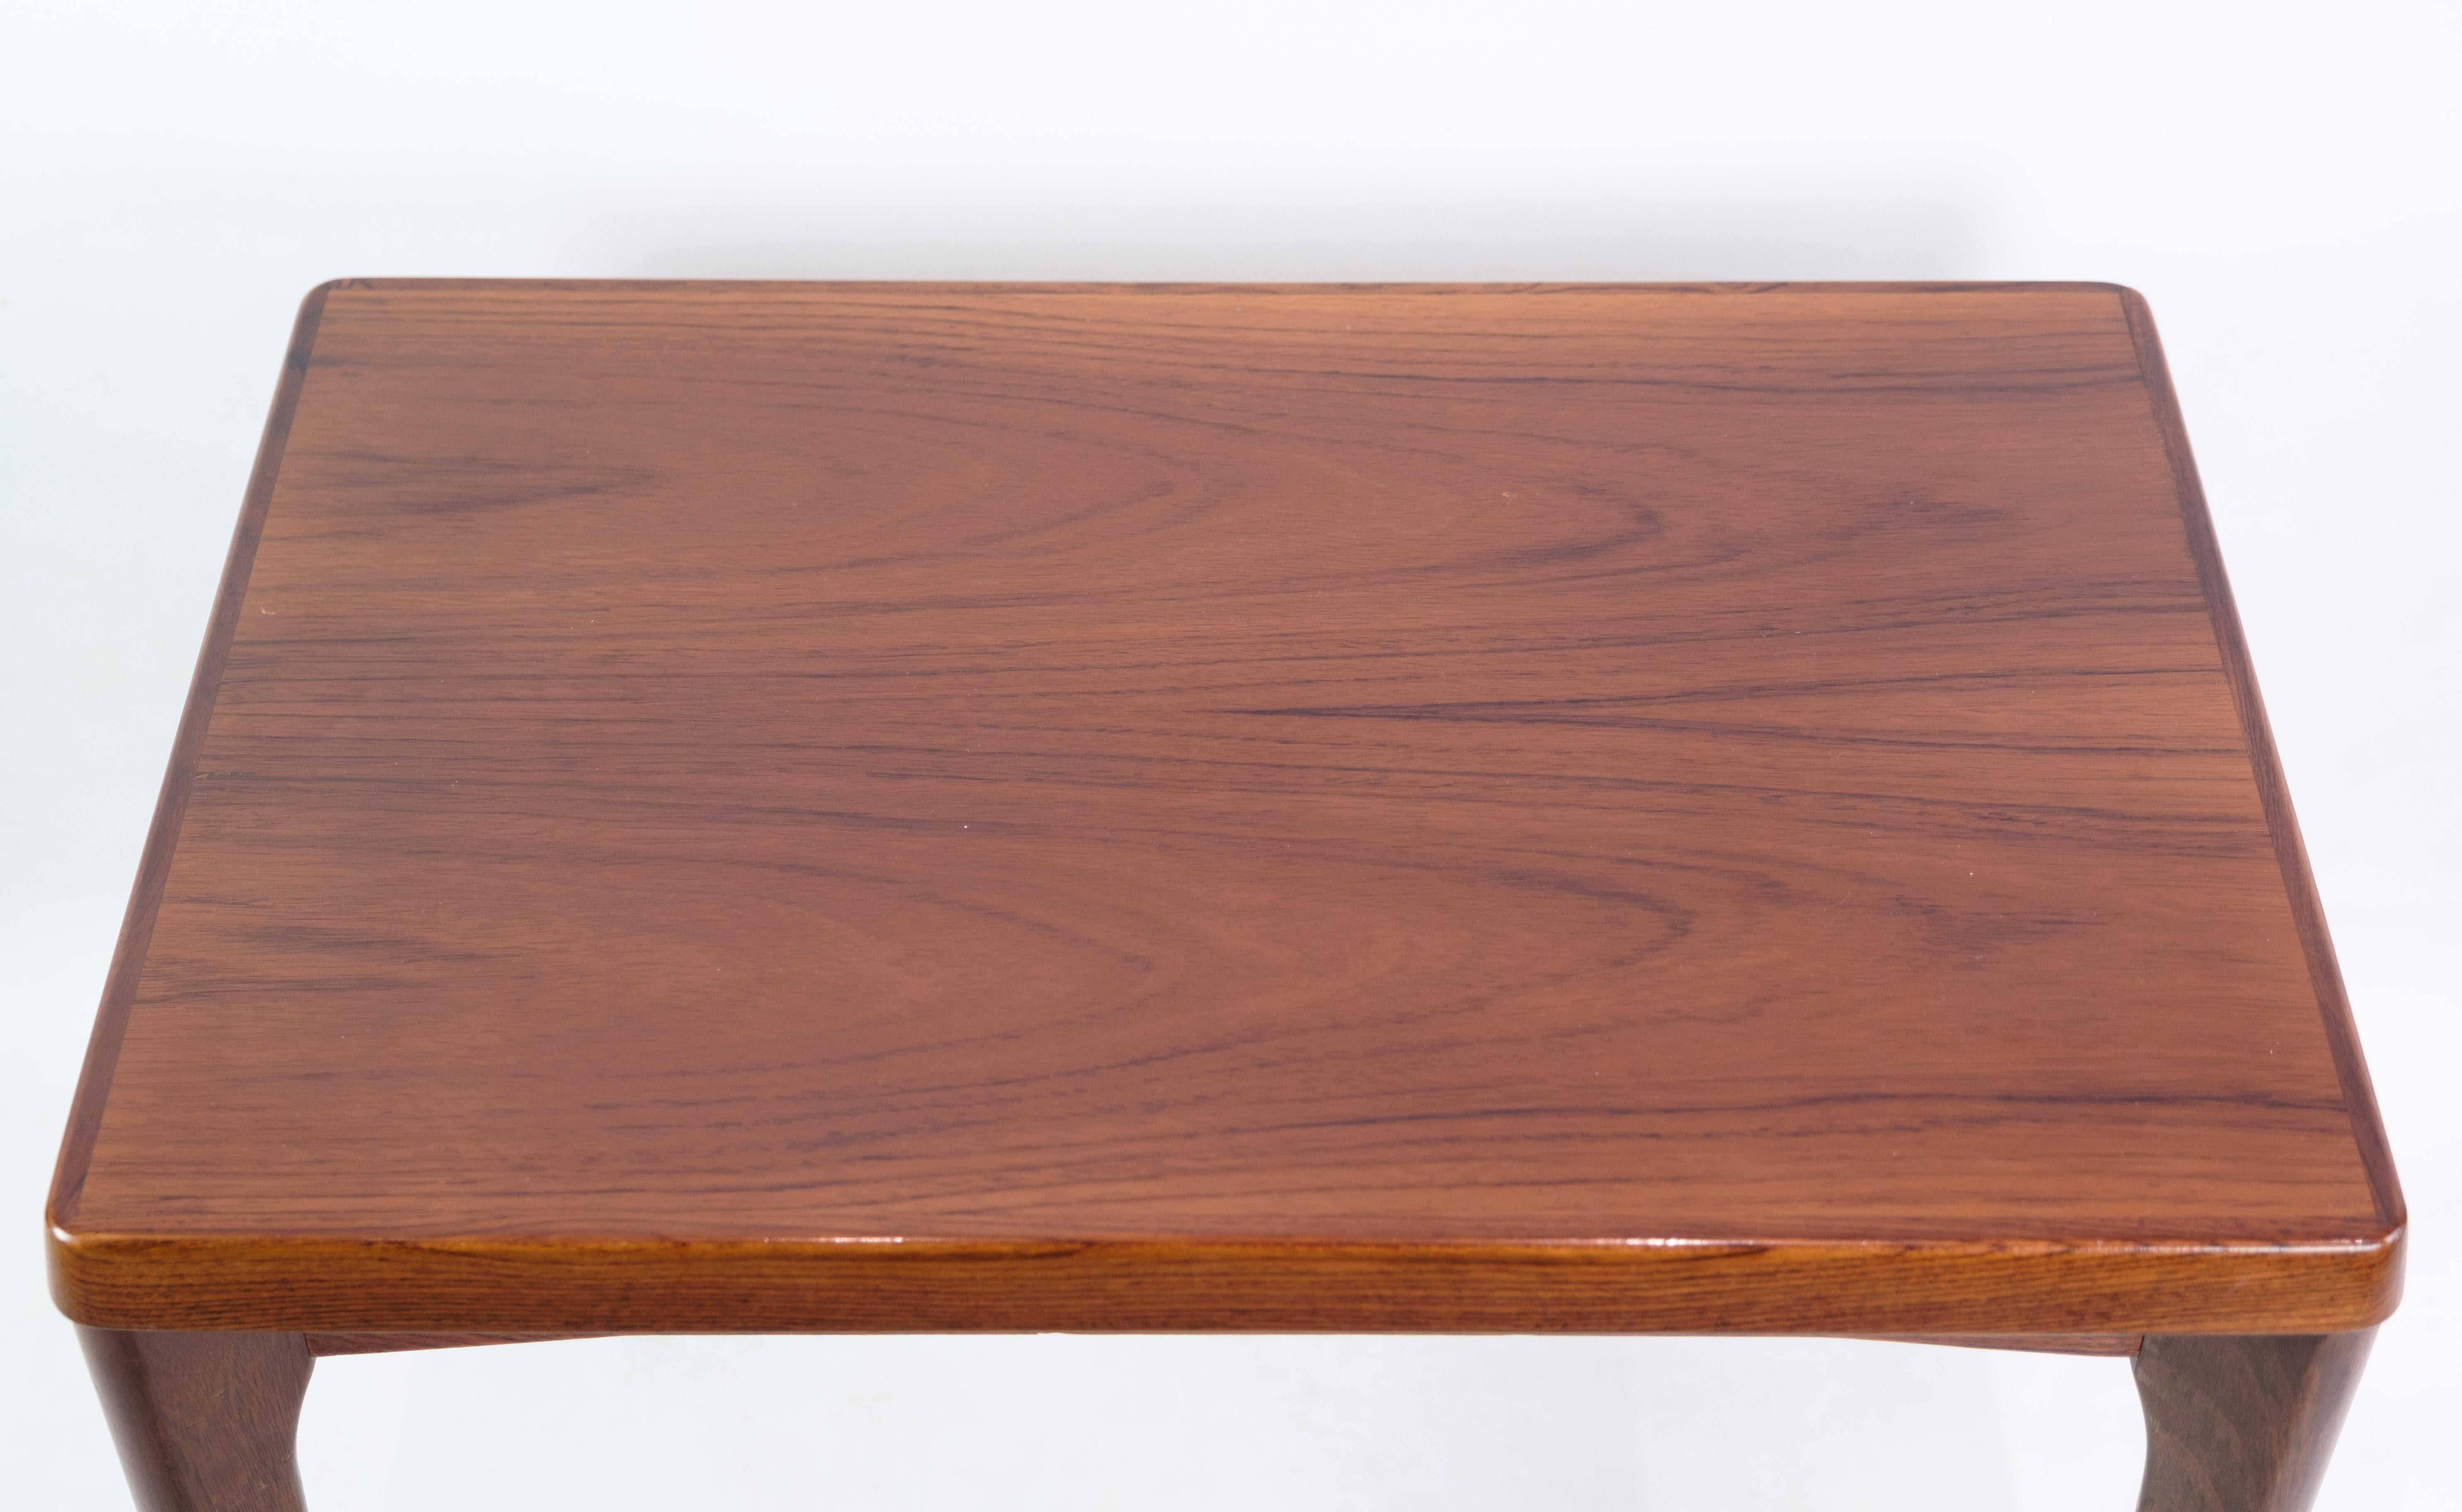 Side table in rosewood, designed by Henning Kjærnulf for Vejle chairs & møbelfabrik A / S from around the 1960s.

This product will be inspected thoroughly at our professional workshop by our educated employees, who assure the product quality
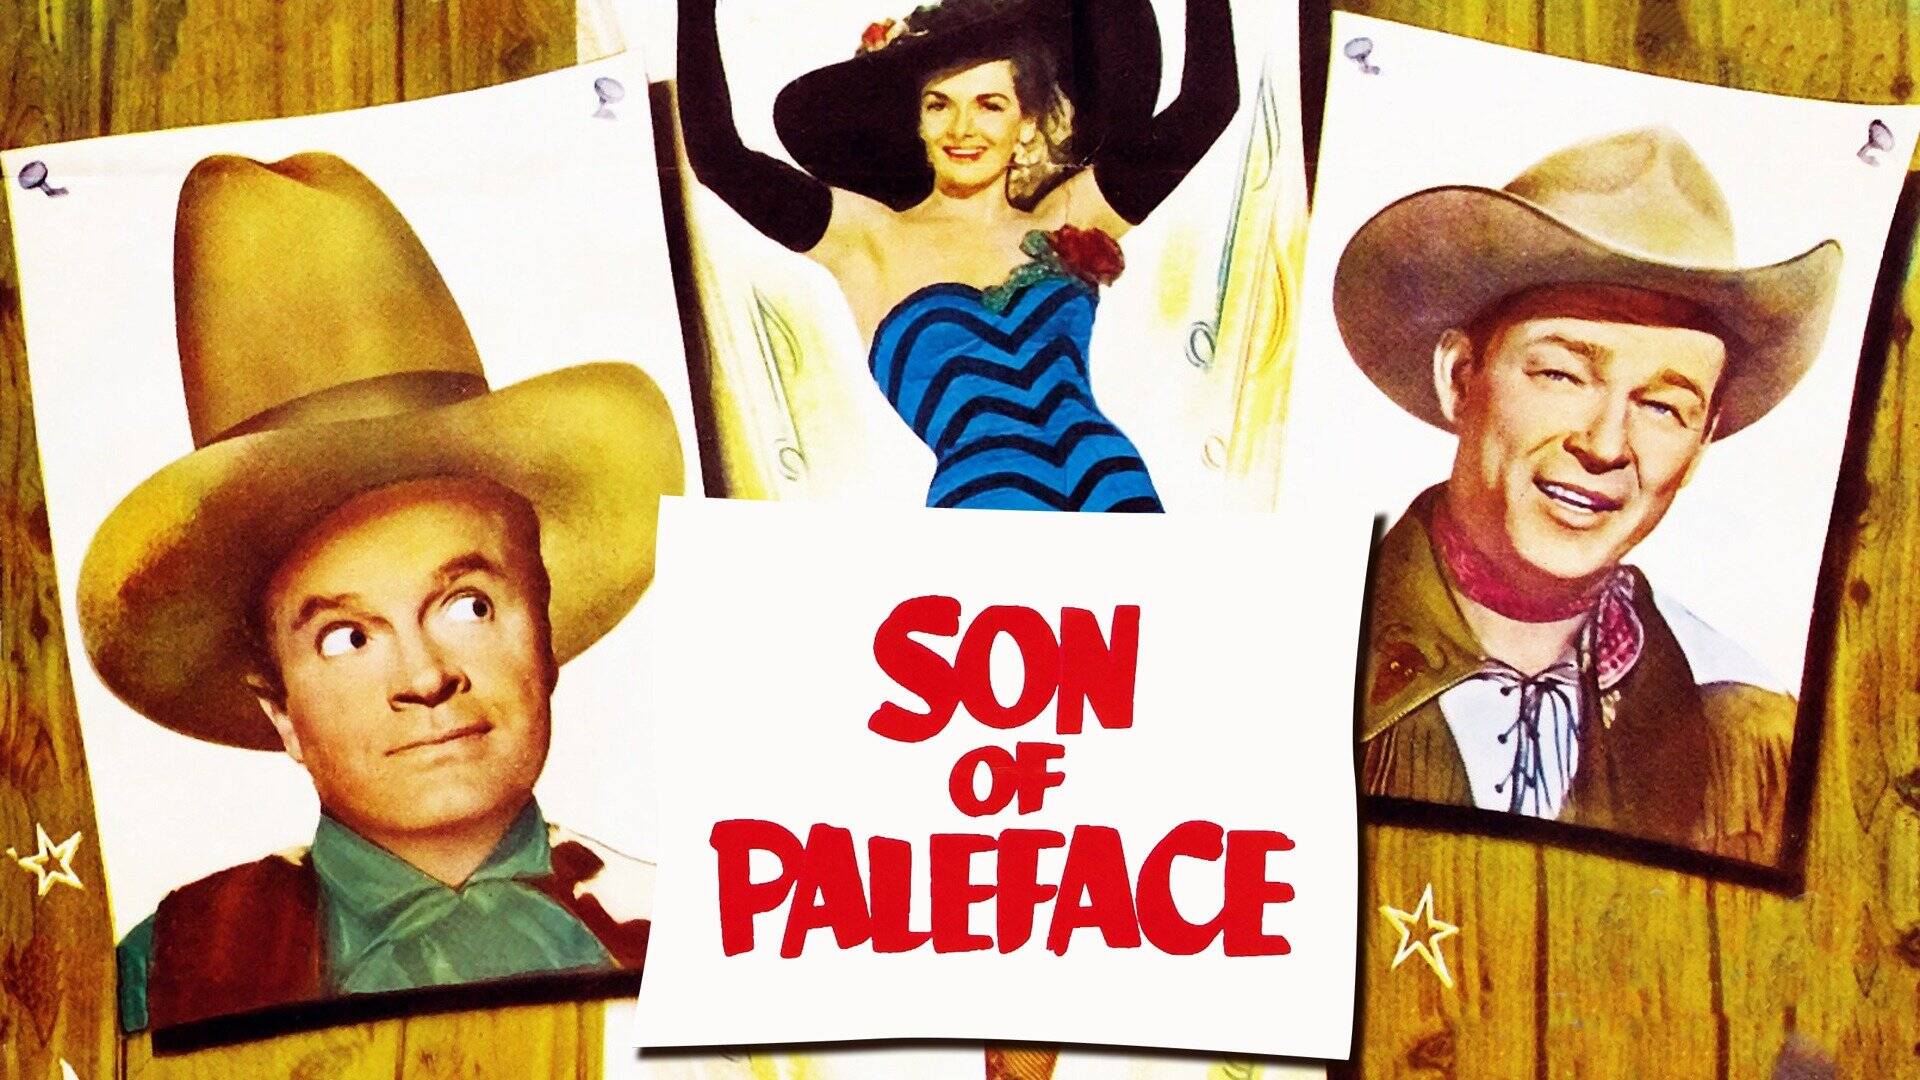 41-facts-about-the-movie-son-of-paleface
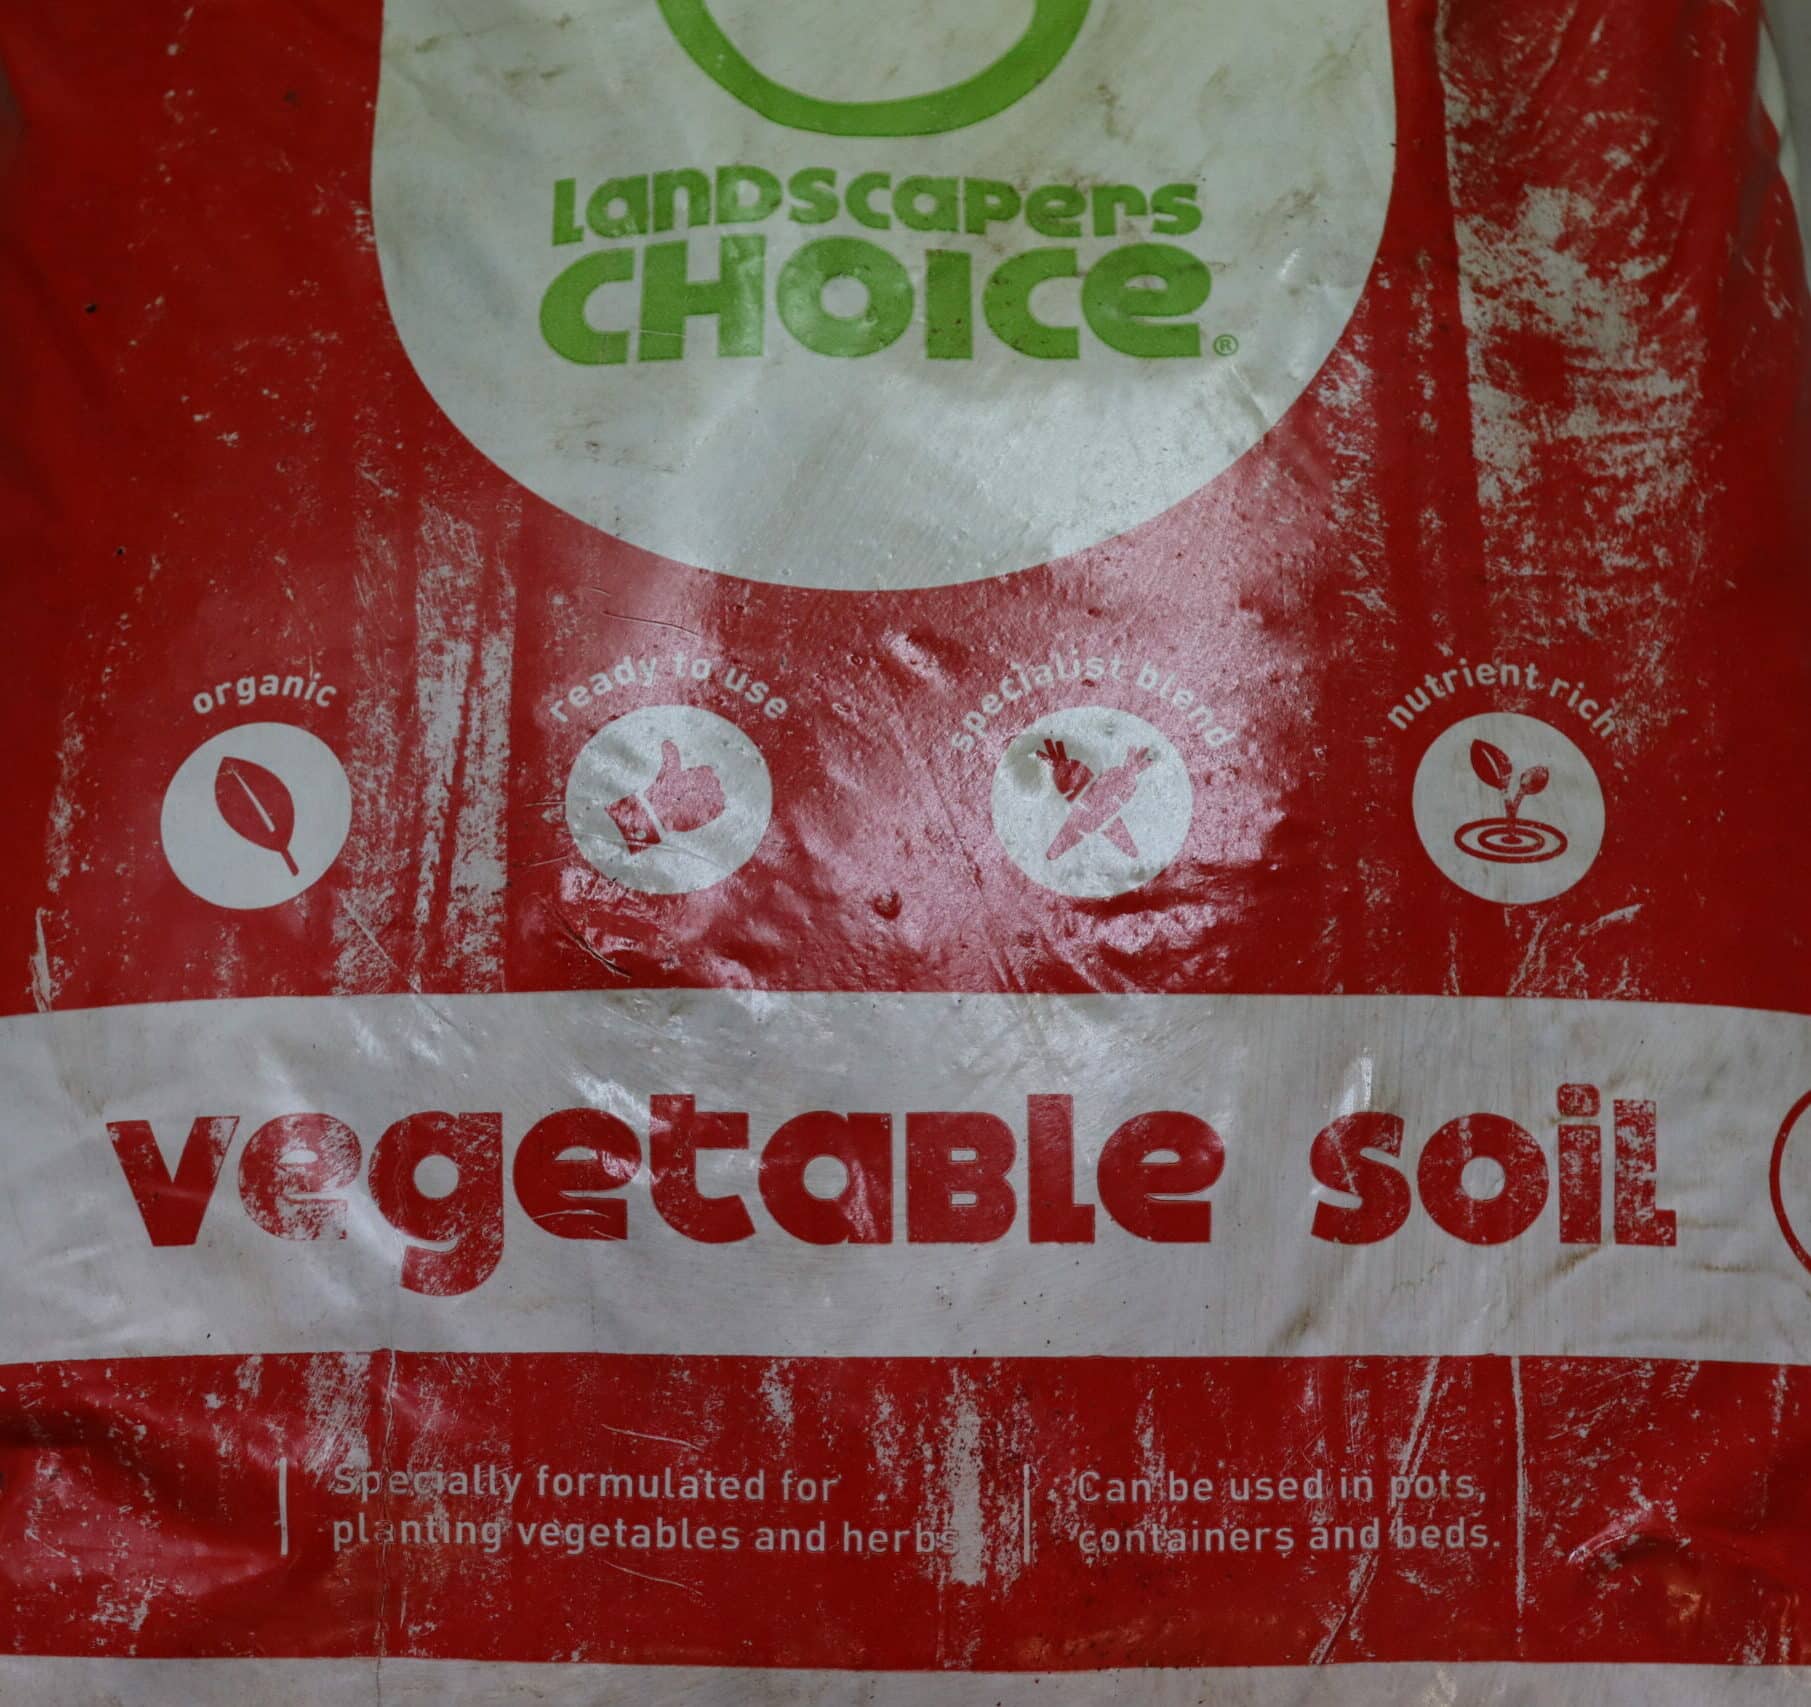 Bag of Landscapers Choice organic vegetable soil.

──────────

- **About this task**: Print each line of the listing, starting at its first and ending with the line that holds "41-facts-about-the-movie-son-of-paleface", but skip any pictures.

- **Solution for this task**:
 Side table in rosewood, designed by Henning Kjærnulf for Vejle chairs & møbelfabrik A / S from around the 1960s.

This product will be inspected thoroughly at our professional workshop by our educated employees, who assure the product quality
 41-facts-about-the-movie-son-of-paleface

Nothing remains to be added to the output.